Four coins are tossed. What is the probability of getting more tails than heads and getting at least two heads?
The sample space consists of 24=16 outcomes.
A. more tails than heads:
1. exactly three tails:
TTTH TTHT THTT HTTT
2. exactly four tails:
TTTT
So calculate the probability.
You can try in a similar way to solve the second part.

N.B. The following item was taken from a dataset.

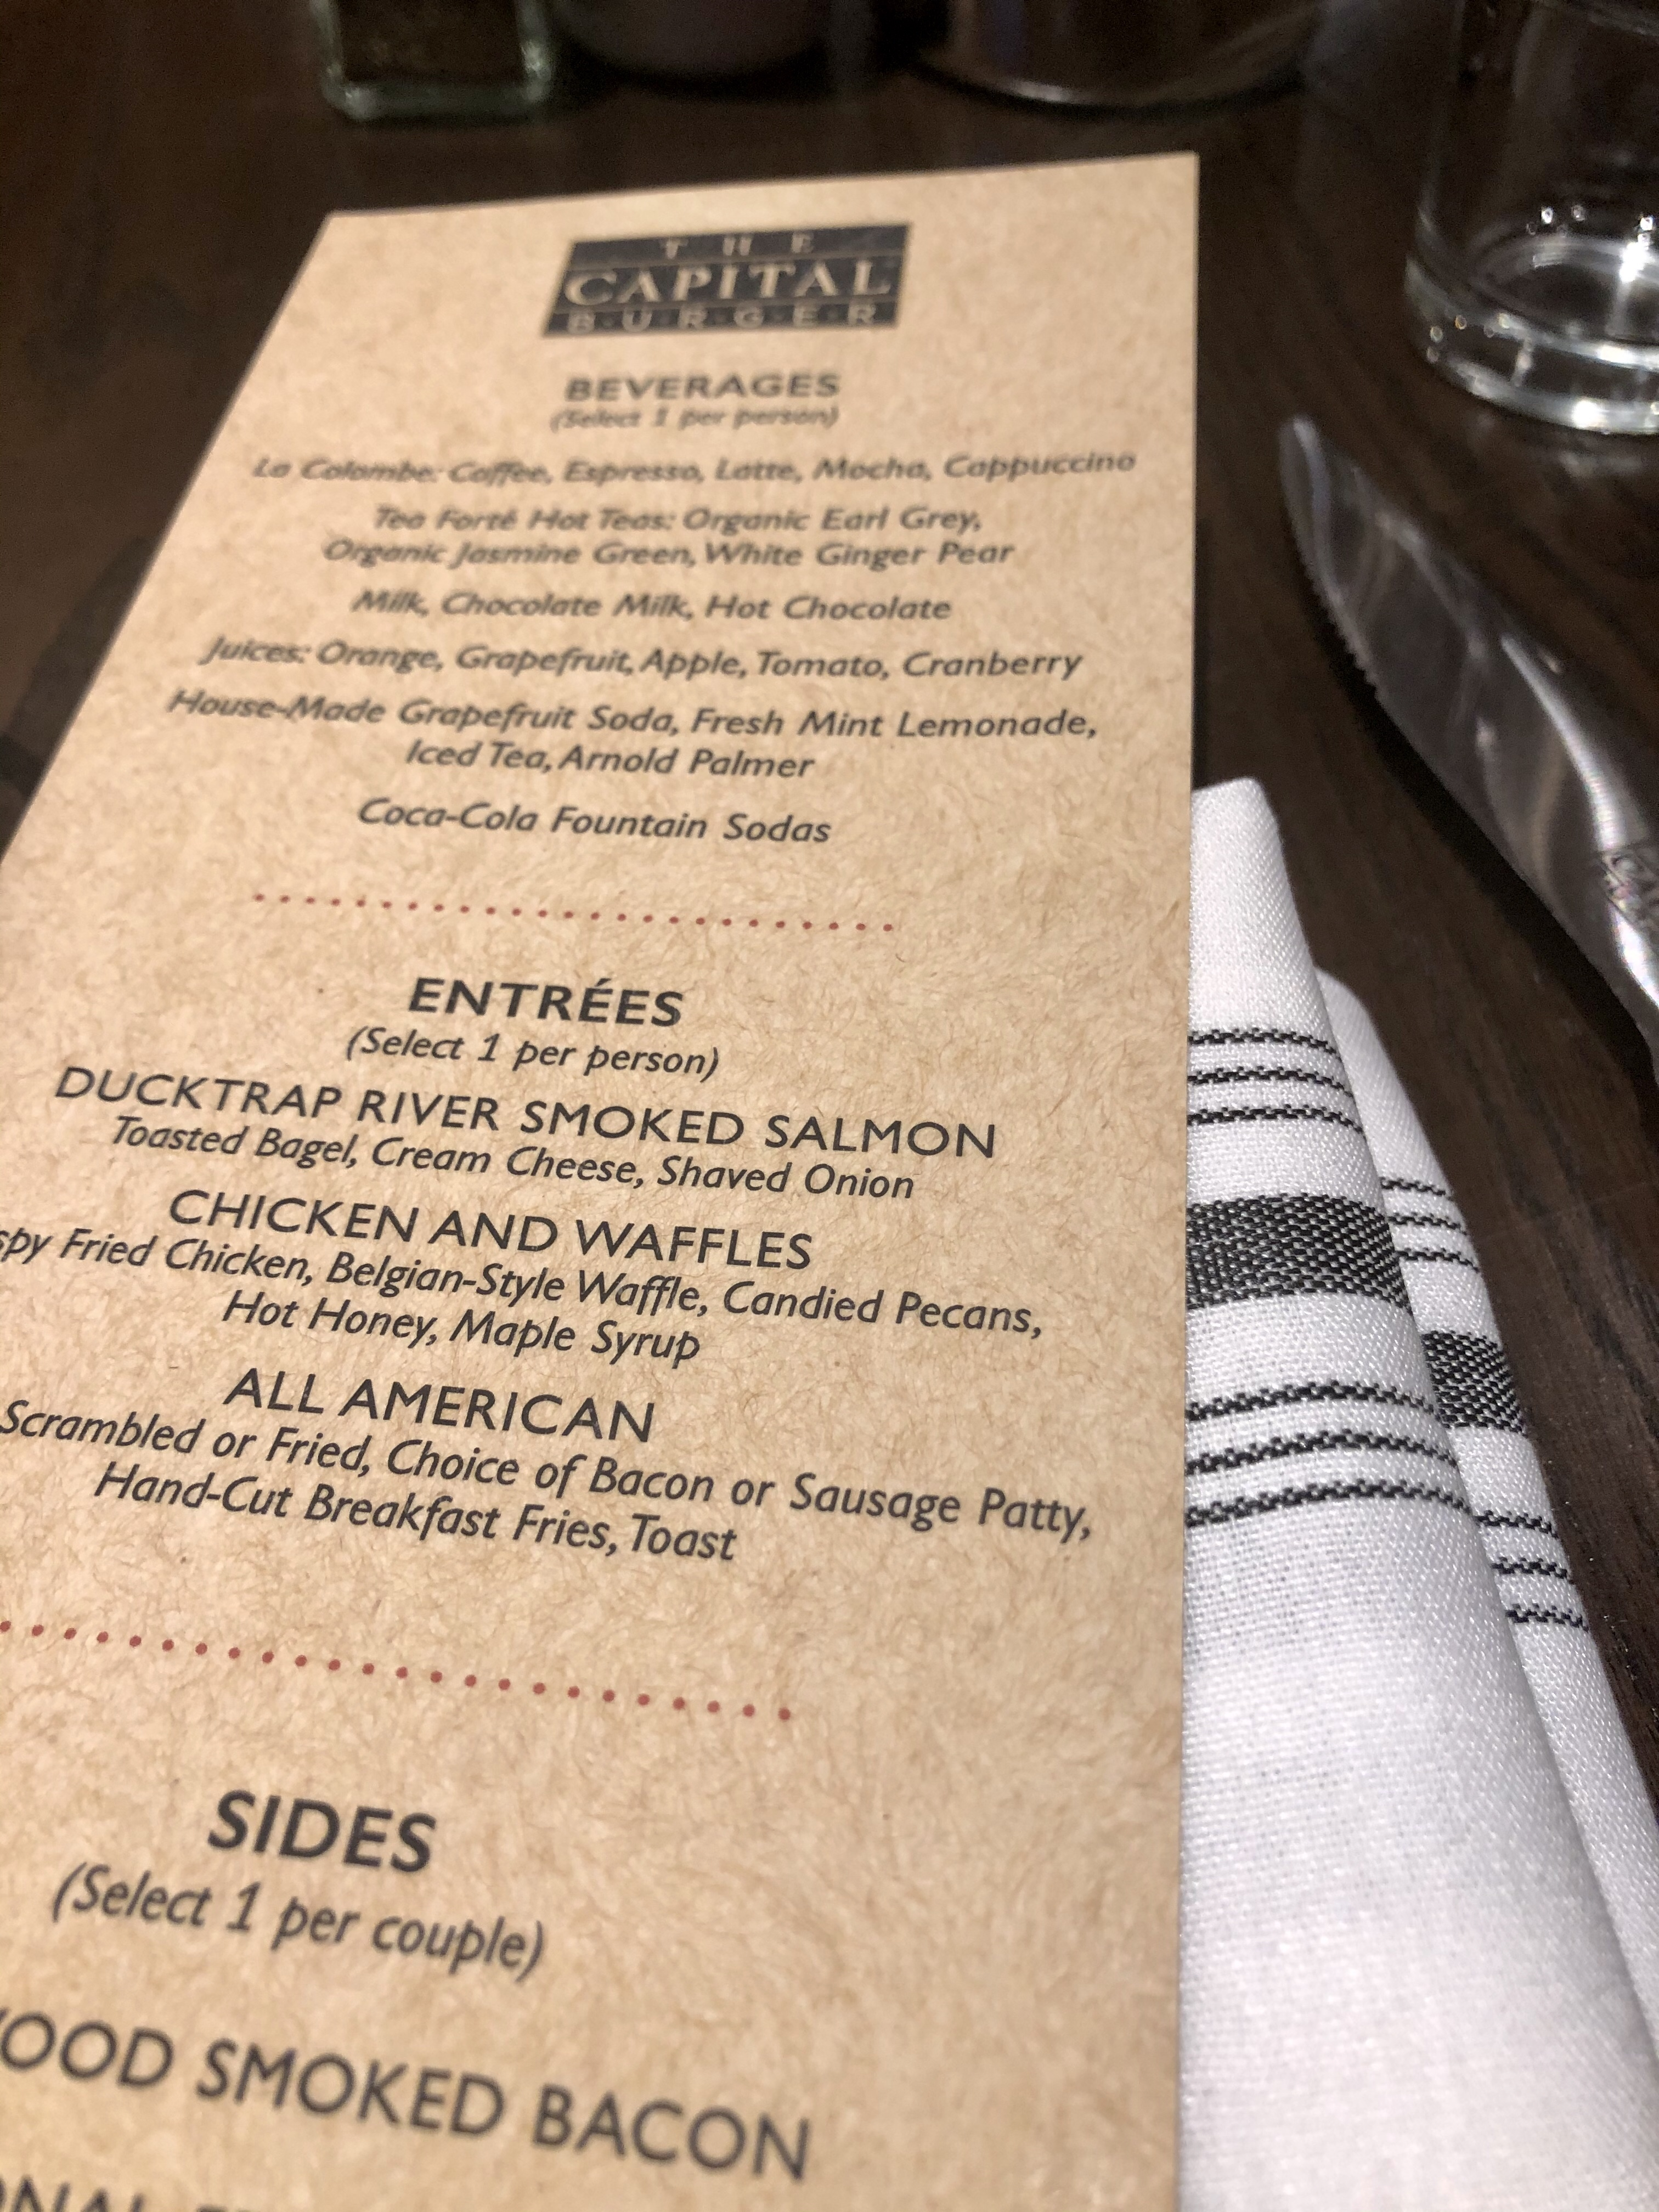 A restaurant menu on a table.
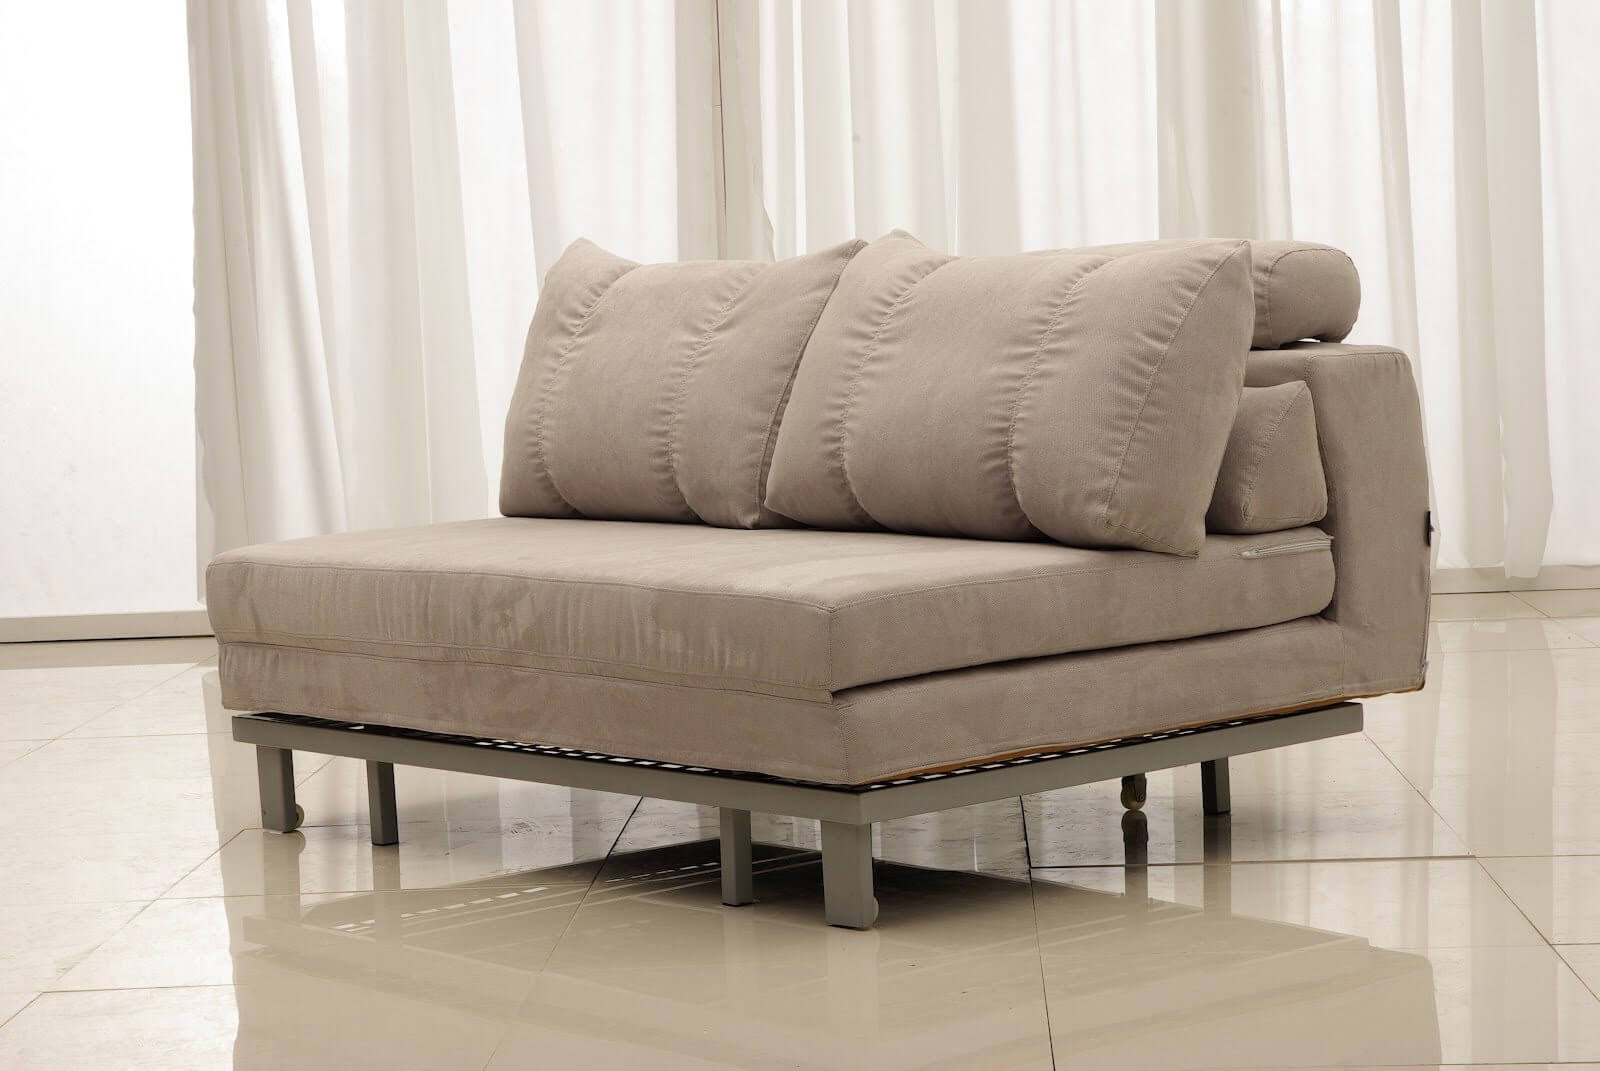 Wonderful Sleeper Sofas Ideas Hiding Cozy Furniture To With Felton Modern Style Pullout Sleeper Sofas Black (View 13 of 15)

To find the probability of getting more tails than heads and getting at least two heads when four coins are tossed, we can use the concept of counting favorable outcomes over the total number of possible outcomes.
Step 1: Count the favorable outcomes:
In this case, we want to get more tails than heads and at least two heads. Let's break it down into cases:
Case 1: Three tails and one head:
The possible outcomes for this case are TTHH, THTH, and THTT. So, there are three favorable outcomes in this case.
Case 2: Four tails:
The only possible outcome for this case is TTTT, which is one favorable outcome.
Hence, we have a total of four favorable outcomes.
Step 2: Count the total number of possible outcomes:
When tossing four coins, each coin has two possible outcomes (heads or tails). Therefore, the total number of possible outcomes is 2^4, which is 16.
Step 3: Calculate the probability:
The probability is calculated by dividing the favorable outcomes by the total number of possible outcomes. In this case, the probability is 4 favorable outcomes divided by 16 total outcomes, which simplifies to 1/4 or 0.25.
Therefore, the probability of getting more tails than heads and getting at least two heads when four coins are tossed is 0.25 or 1/4.